As a pilot study on the evaluation of the QS molecules as biomarkers of infection, the developed ELISAs were implemented for the measurement of the mentioned QS molecules in culture broth samples from clinical isolates with different infection types and/or severity. In the case of P. aeruginosa, the assays allowed to stratify patients with distinct severity of infection (acute/chronic) relying on the amount of all three measured quinolones produced by the clinical isolates at 8h of growth. It is noteworthy that these molecules have different biological roles at signalling or physiological level and their concentration in clinical samples might be relevant for understanding the pathogenesis of a P. aeruginosa. Regarding S. aureus, the assay was able to measure AIP-IV produced by agr-IV type strains and different production profiles were observed, nonetheless a higher number of clinical isolates would have to be measured in order to obtain adequate conclusions.

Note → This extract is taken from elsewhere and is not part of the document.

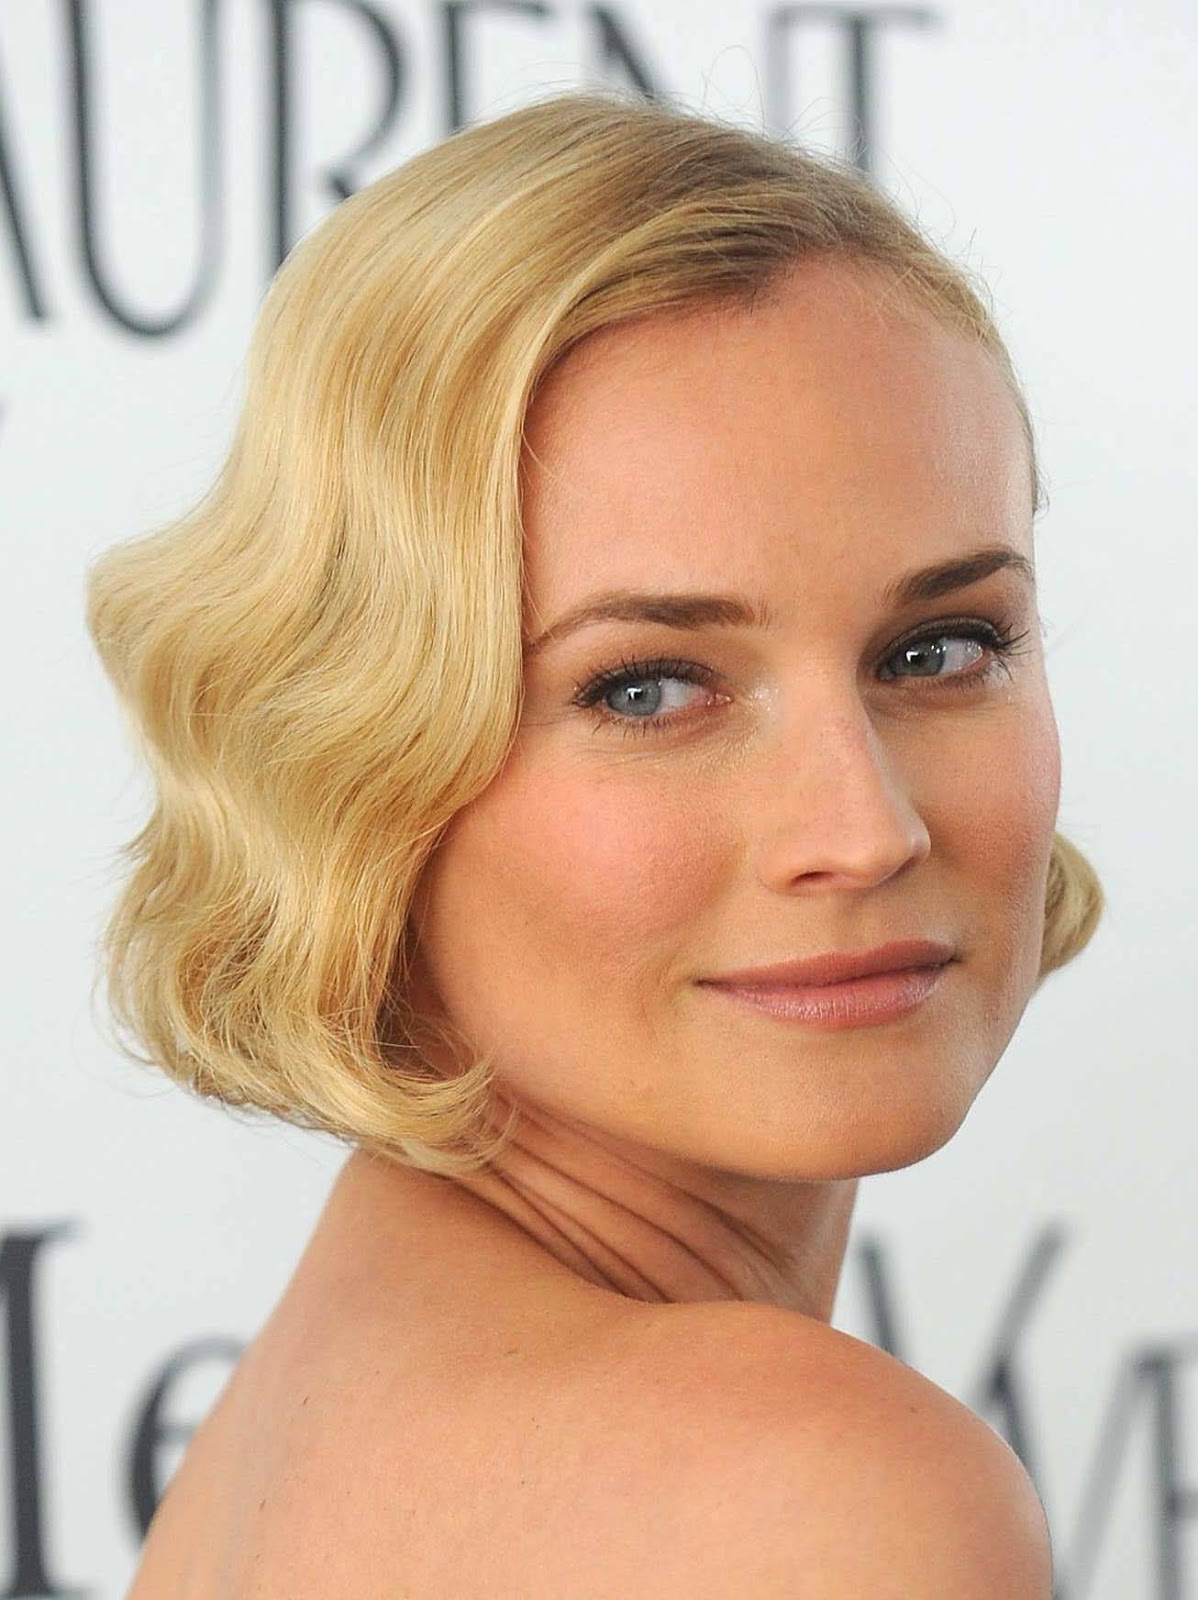 Hairstyles For Women 2013 Layers hairstyles hairstyles for 2012 bob hairstyles for medium hair 2011

El objetivo final de la tesis fue mejorar el diagnóstico de infecciones causadas por P. aeruginosa y S. aureus mediante una mejor comprensión del proceso de comunicación bacteriana conocido como Quorum Sensing (QS) y su implicación en la patogénesis. Para ello, este objetivo se basó en el desarrollo de métodos inmunoquímicos para evaluar la expresión de diferentes moléculas de señalización QS, como herramientas para investigar los mecanismos implicados en la patogénesis de S. aureus y P. aeruginosa. Del mismo modo, se evaluó en estudios piloto el papel potencial de estas moléculas como biomarcadores de infección.

La tesis se dividió en dos apartados principales: herramientas inmunoquímicas para la determinación de moléculas de P. aeruginosa QS como biomarcadores de infección y, por otro lado, herramientas inmunoquímicas para la evaluación de moléculas del QS de S. aureus. Estas secciones están precedidas de capítulos introductorios basados en una revisión bibliográfica sobre el sistema de QS y su detección en ambos patógenos. En los capítulos experimentales se explica: Primero, el diseño y síntesis de haptenos para las moléculas, no inmunogénicas, del QS producidas por P. aeruginosa (2-heptil-4-quinolona (HHQ), 2-heptil-3-hidroxi-(1H)-4-quinolona (PQS) y 2-heptil-4-hidroxiquinolina N-óxido (HQNO)) y S. aureus (AIP-I a IV). En segundo lugar, la síntesis y generación de bioconjugados de anticuerpos policlonales específicos contra las moléculas QS de las dos bacterias patógenas antes mencionadas. En tercer lugar, el desarrollo de herramientas de análisis inmunoquímico para la cuantificación de estas moléculas de QS bacterianas. Posteriormente, se realizaron estudios preliminares sobre el valor potencial de moléculas QS seleccionadas como biomarcadores de infección utilizando las herramientas de análisis inmunoquímico desarrolladas.